> _Records for processing_:
********************
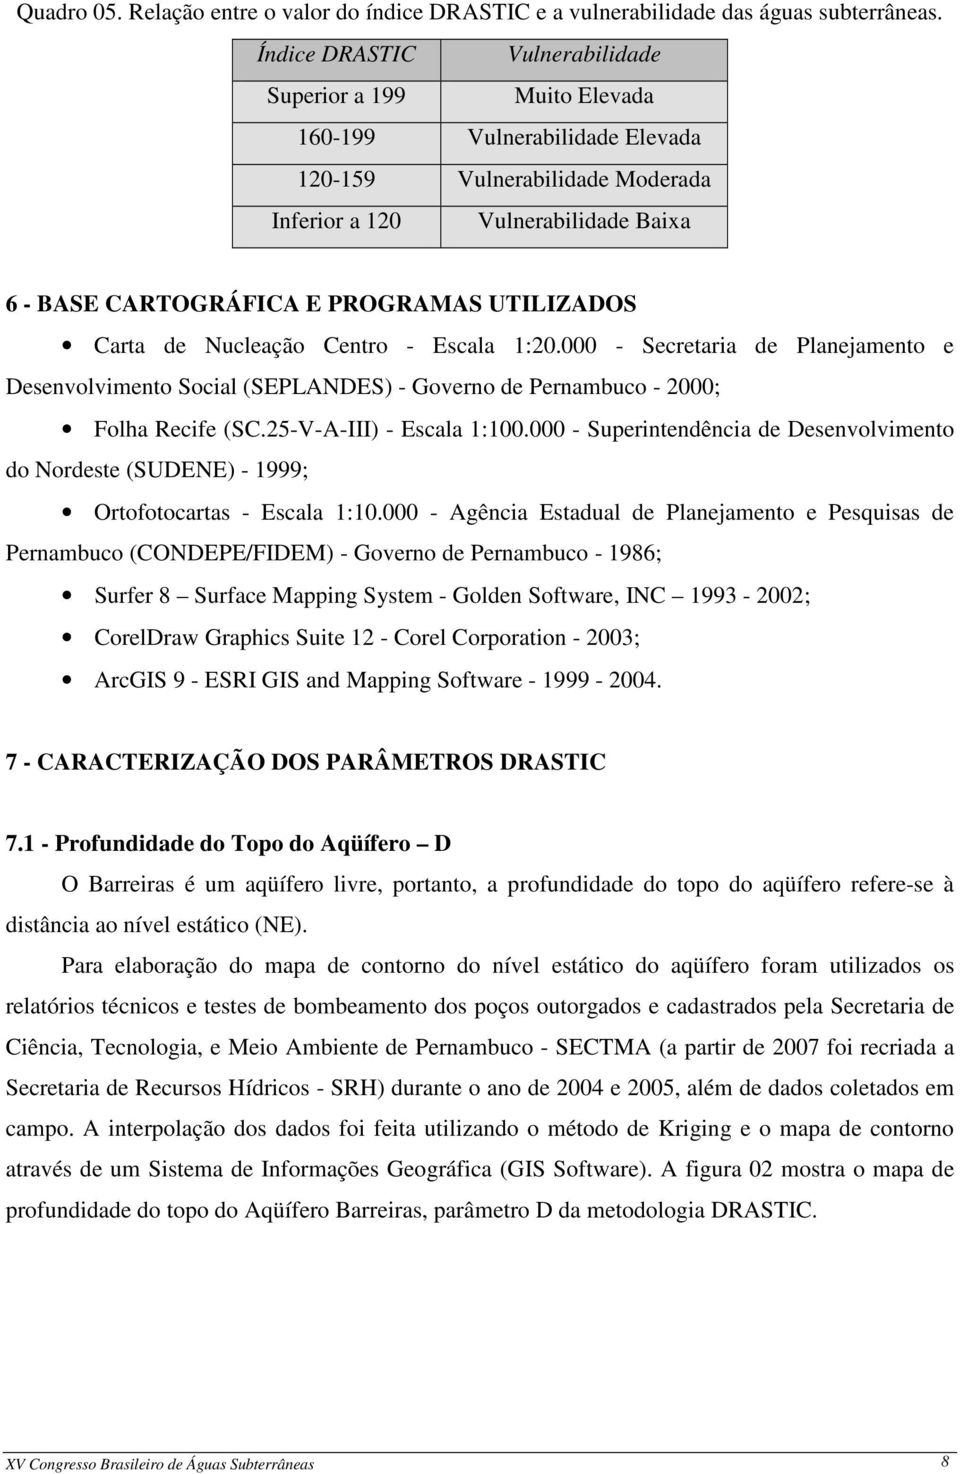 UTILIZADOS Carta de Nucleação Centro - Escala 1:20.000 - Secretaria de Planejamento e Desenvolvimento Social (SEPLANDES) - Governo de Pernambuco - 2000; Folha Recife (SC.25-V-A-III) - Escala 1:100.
********************
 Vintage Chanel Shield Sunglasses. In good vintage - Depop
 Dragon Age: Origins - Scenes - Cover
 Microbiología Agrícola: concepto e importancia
********************
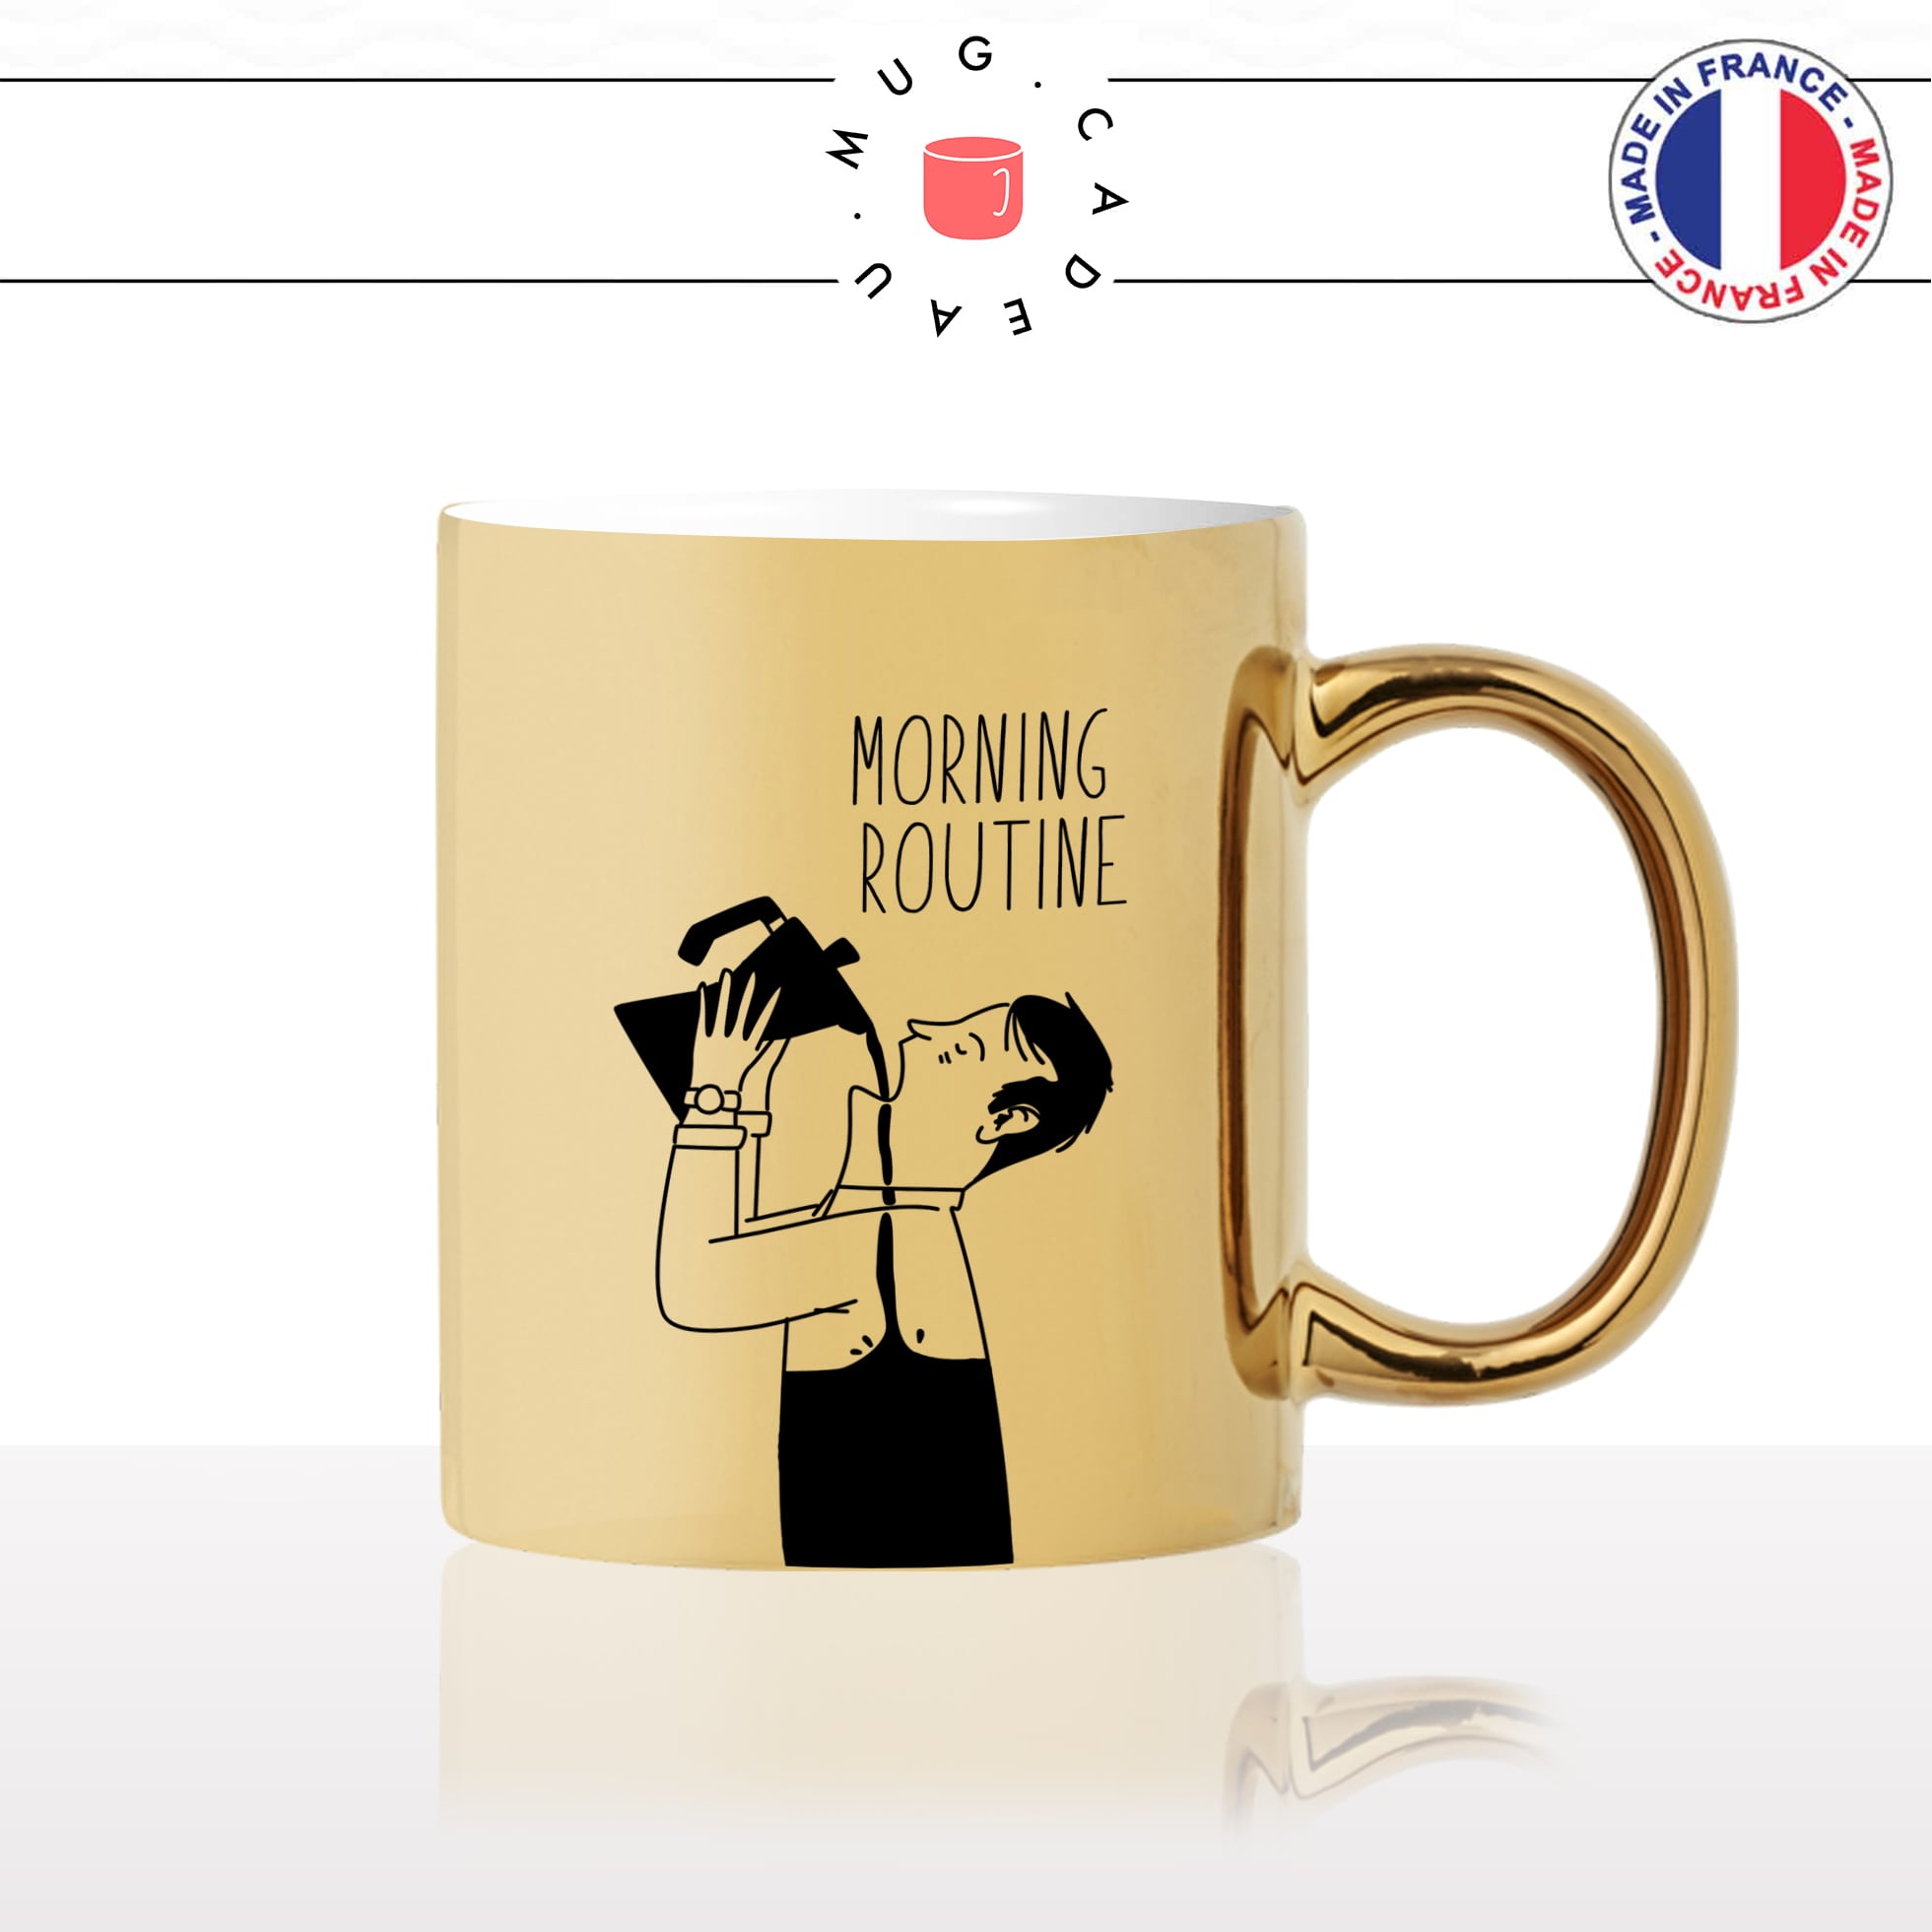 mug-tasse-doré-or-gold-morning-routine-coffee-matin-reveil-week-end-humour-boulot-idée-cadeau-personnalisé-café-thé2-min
********************
> _Exercise_:
Take the lines above from the one containing "Vintage Chanel Shield" to the one containing "Microbiología Agrícola: concepto" and retype them exactly, both ends included, with nothing added.

> _Response to the exercise_:
 Vintage Chanel Shield Sunglasses. In good vintage - Depop
 Dragon Age: Origins - Scenes - Cover
 Microbiología Agrícola: concepto e importancia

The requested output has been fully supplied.